**** Input data
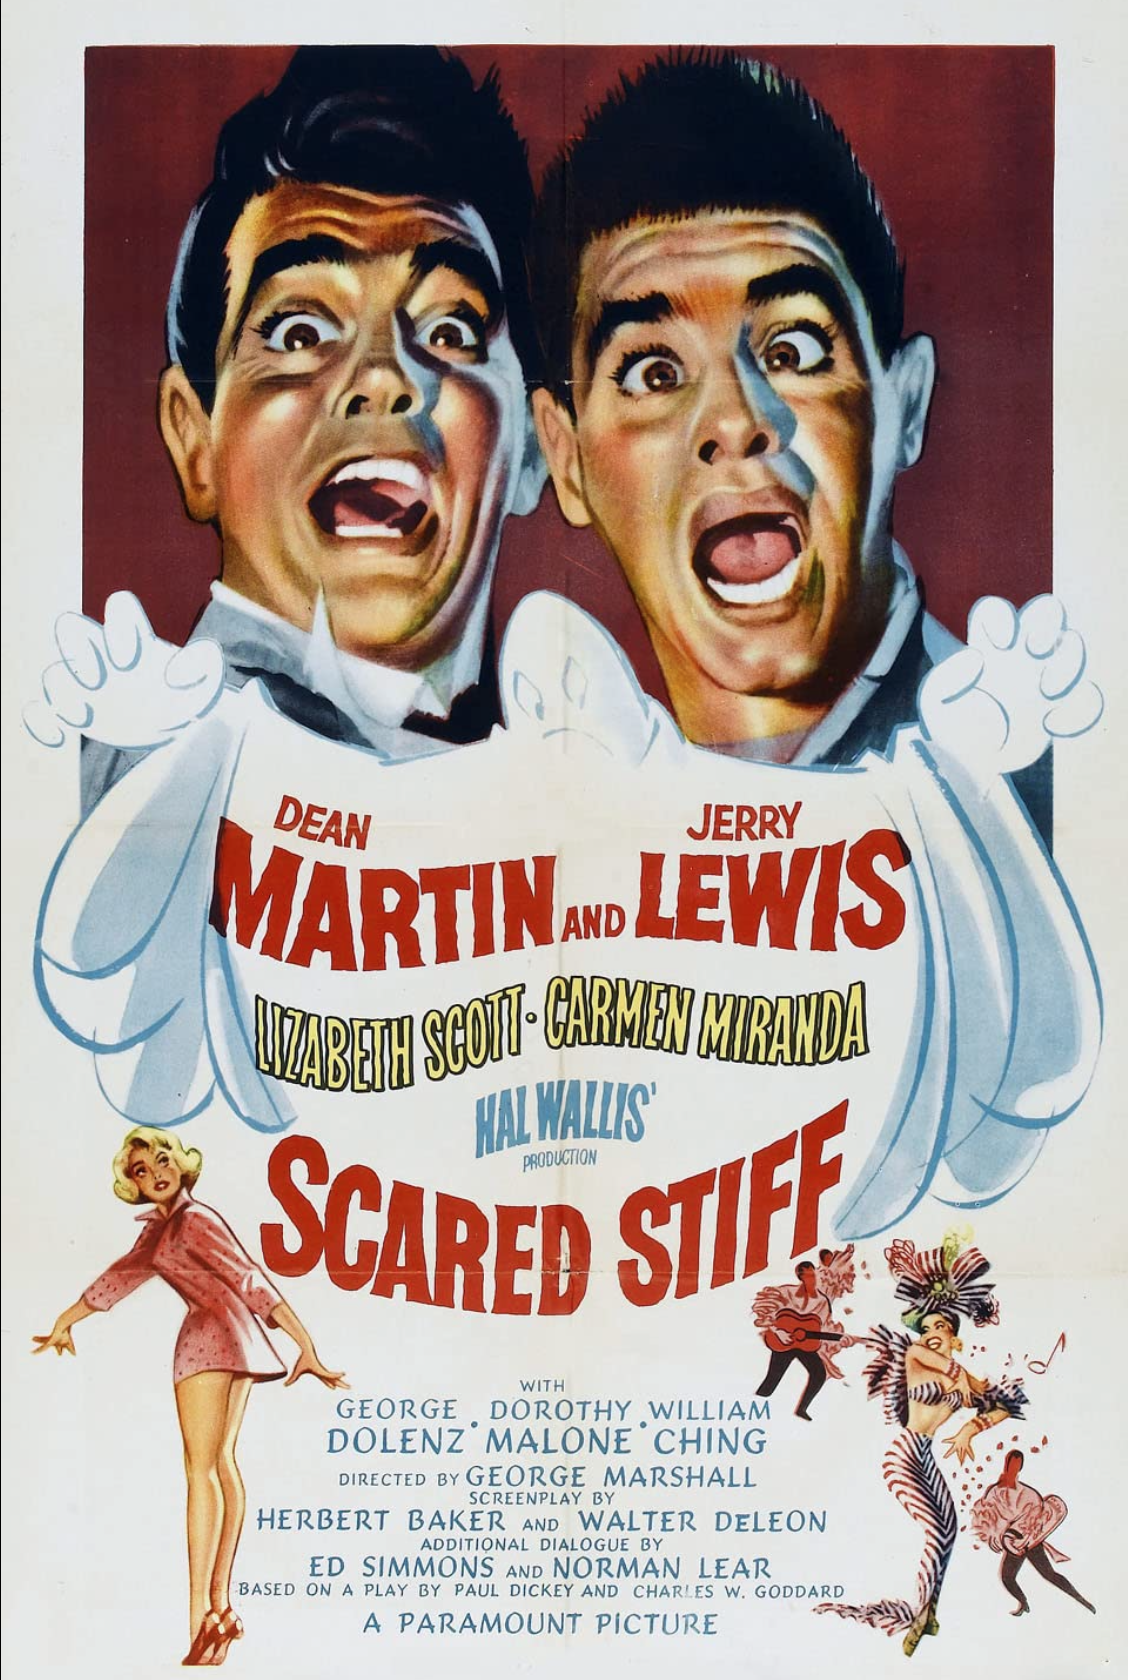 VIDEO: Pepito’s Filmography: “Scared Stiff” Starring Dean Martin & Jerry Lewis (1953)
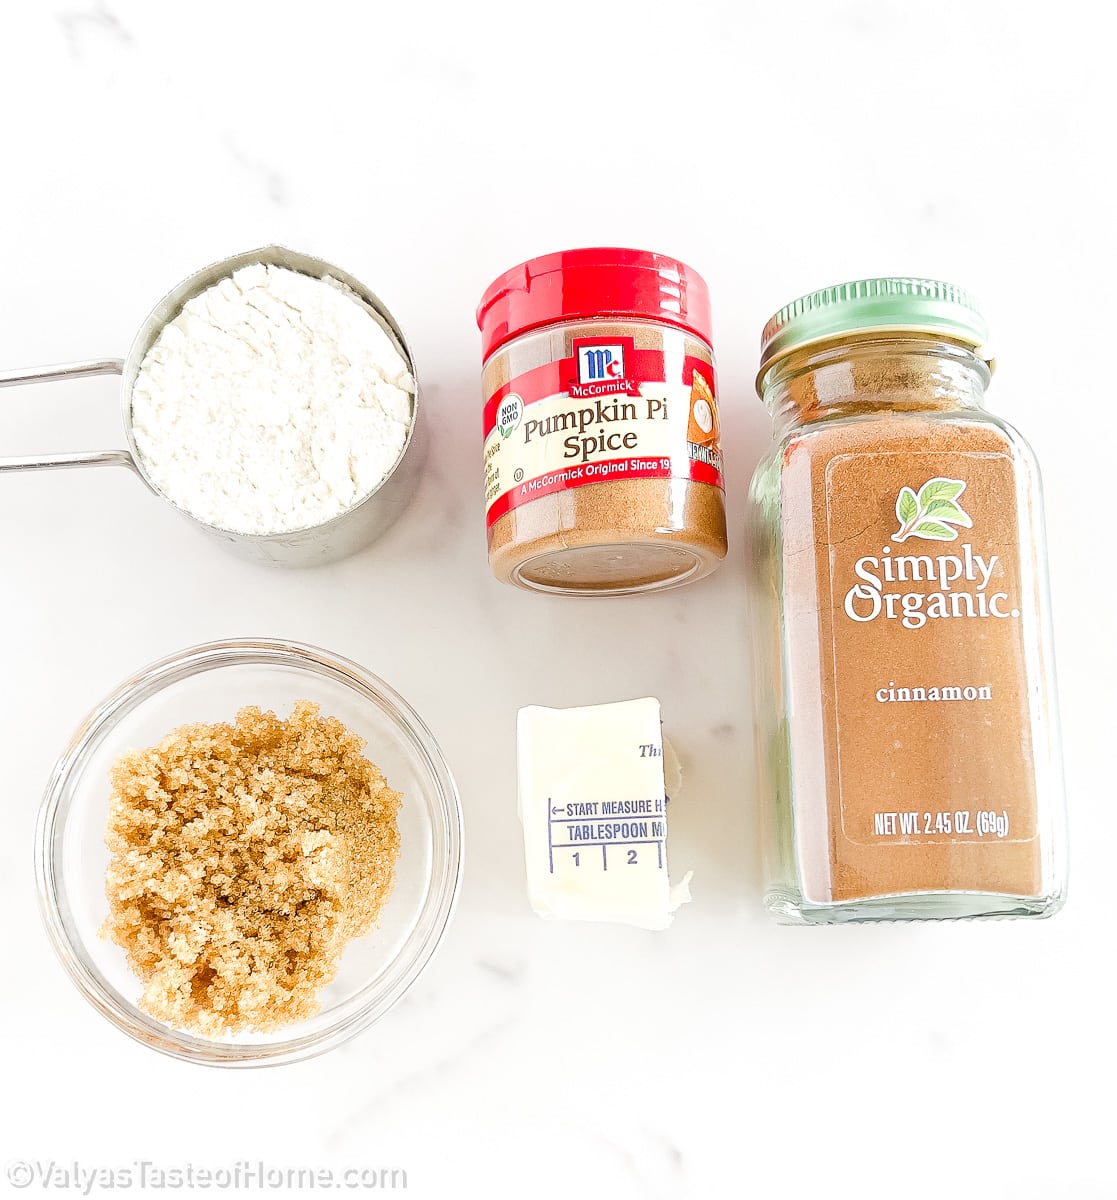 You’ll be needing more all-purpose flour for the crumb topping. This will help create a streusel-like texture and golden-brown crumb topping.
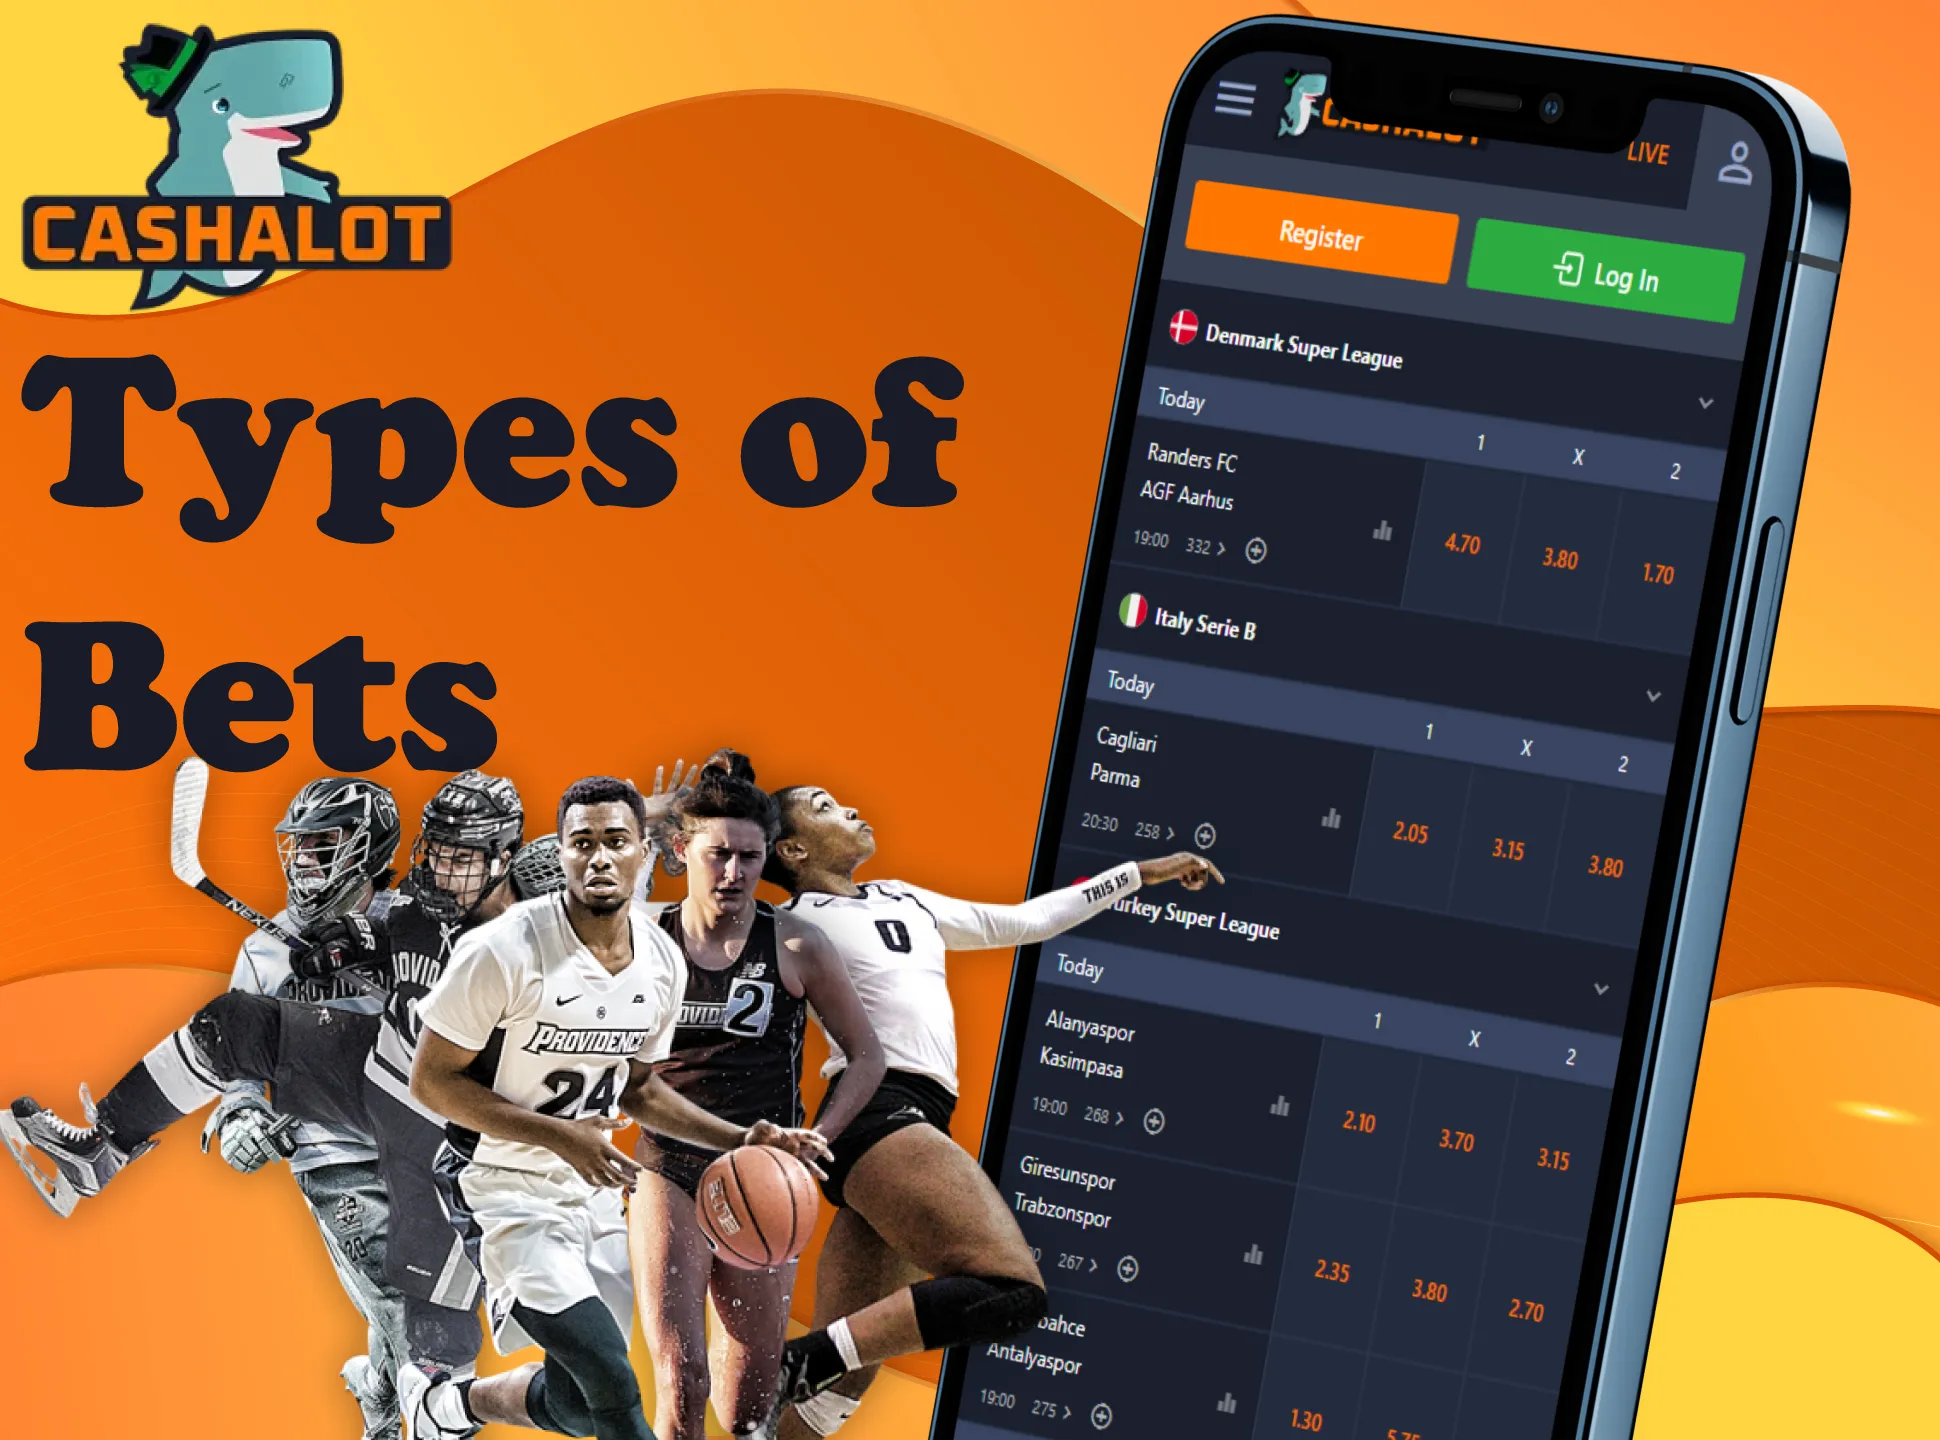 Learn more about different types of bets in the Cashalot app.
********
Exercise description -
For every line above, produce an exact transcription that omits the images.

Written solution -
 VIDEO: Pepito’s Filmography: “Scared Stiff” Starring Dean Martin & Jerry Lewis (1953)
 You’ll be needing more all-purpose flour for the crumb topping. This will help create a streusel-like texture and golden-brown crumb topping.
 Learn more about different types of bets in the Cashalot app.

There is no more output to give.